Try it: What you return must be every line from the beginning of the data through the line holding "2 spicchi di", unchanged.

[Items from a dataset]
*** Block opens ***

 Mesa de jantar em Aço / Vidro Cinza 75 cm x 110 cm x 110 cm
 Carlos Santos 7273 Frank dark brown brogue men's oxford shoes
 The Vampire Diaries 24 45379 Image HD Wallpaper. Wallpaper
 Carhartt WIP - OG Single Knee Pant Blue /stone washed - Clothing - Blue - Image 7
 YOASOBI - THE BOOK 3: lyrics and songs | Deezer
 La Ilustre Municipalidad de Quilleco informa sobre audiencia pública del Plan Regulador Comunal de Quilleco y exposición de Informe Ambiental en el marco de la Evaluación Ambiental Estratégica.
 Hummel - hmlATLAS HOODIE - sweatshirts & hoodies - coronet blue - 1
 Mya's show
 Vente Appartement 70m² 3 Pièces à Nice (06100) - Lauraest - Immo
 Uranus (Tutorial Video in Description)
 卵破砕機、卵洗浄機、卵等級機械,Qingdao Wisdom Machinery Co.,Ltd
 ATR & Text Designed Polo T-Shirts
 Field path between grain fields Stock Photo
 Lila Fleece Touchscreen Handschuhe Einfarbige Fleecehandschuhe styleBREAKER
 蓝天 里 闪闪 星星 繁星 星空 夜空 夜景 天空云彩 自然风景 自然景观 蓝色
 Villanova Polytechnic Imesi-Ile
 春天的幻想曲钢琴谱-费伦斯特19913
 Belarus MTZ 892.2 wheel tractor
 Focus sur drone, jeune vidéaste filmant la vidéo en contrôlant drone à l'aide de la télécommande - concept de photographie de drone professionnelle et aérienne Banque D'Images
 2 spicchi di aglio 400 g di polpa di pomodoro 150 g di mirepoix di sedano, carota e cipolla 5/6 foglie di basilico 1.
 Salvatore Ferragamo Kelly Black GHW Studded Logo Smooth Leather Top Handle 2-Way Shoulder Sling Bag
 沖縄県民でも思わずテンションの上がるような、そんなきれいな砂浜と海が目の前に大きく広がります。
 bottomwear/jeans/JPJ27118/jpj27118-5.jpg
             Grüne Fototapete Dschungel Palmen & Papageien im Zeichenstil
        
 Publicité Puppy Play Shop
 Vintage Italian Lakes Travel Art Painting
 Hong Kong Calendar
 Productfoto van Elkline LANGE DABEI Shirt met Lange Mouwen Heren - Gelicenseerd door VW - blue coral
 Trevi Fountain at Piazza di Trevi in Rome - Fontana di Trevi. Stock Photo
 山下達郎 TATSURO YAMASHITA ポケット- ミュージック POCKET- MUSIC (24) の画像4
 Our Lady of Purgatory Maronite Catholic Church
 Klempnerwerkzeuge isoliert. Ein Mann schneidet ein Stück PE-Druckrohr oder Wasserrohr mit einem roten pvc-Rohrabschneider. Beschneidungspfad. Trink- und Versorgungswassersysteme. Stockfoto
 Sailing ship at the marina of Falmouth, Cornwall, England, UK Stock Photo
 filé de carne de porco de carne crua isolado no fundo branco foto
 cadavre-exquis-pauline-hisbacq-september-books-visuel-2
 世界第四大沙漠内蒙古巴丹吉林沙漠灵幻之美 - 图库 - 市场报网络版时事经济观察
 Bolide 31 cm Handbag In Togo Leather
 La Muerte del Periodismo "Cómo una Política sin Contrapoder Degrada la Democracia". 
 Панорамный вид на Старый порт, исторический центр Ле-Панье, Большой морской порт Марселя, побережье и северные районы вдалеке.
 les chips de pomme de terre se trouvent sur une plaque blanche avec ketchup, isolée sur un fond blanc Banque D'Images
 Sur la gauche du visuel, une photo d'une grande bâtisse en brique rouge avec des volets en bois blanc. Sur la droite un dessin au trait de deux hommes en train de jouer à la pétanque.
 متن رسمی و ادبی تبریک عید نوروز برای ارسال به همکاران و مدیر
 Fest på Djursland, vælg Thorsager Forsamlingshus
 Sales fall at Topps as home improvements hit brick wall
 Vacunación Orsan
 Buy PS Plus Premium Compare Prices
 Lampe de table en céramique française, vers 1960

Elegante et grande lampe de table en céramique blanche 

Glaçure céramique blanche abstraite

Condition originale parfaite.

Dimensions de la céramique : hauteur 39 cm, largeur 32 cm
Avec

*** Block closes ***

Your solution:
 Mesa de jantar em Aço / Vidro Cinza 75 cm x 110 cm x 110 cm
 Carlos Santos 7273 Frank dark brown brogue men's oxford shoes
 The Vampire Diaries 24 45379 Image HD Wallpaper. Wallpaper
 Carhartt WIP - OG Single Knee Pant Blue /stone washed - Clothing - Blue - Image 7
 YOASOBI - THE BOOK 3: lyrics and songs | Deezer
 La Ilustre Municipalidad de Quilleco informa sobre audiencia pública del Plan Regulador Comunal de Quilleco y exposición de Informe Ambiental en el marco de la Evaluación Ambiental Estratégica.
 Hummel - hmlATLAS HOODIE - sweatshirts & hoodies - coronet blue - 1
 Mya's show
 Vente Appartement 70m² 3 Pièces à Nice (06100) - Lauraest - Immo
 Uranus (Tutorial Video in Description)
 卵破砕機、卵洗浄機、卵等級機械,Qingdao Wisdom Machinery Co.,Ltd
 ATR & Text Designed Polo T-Shirts
 Field path between grain fields Stock Photo
 Lila Fleece Touchscreen Handschuhe Einfarbige Fleecehandschuhe styleBREAKER
 蓝天 里 闪闪 星星 繁星 星空 夜空 夜景 天空云彩 自然风景 自然景观 蓝色
 Villanova Polytechnic Imesi-Ile
 春天的幻想曲钢琴谱-费伦斯特19913
 Belarus MTZ 892.2 wheel tractor
 Focus sur drone, jeune vidéaste filmant la vidéo en contrôlant drone à l'aide de la télécommande - concept de photographie de drone professionnelle et aérienne Banque D'Images
 2 spicchi di aglio 400 g di polpa di pomodoro 150 g di mirepoix di sedano, carota e cipolla 5/6 foglie di basilico 1.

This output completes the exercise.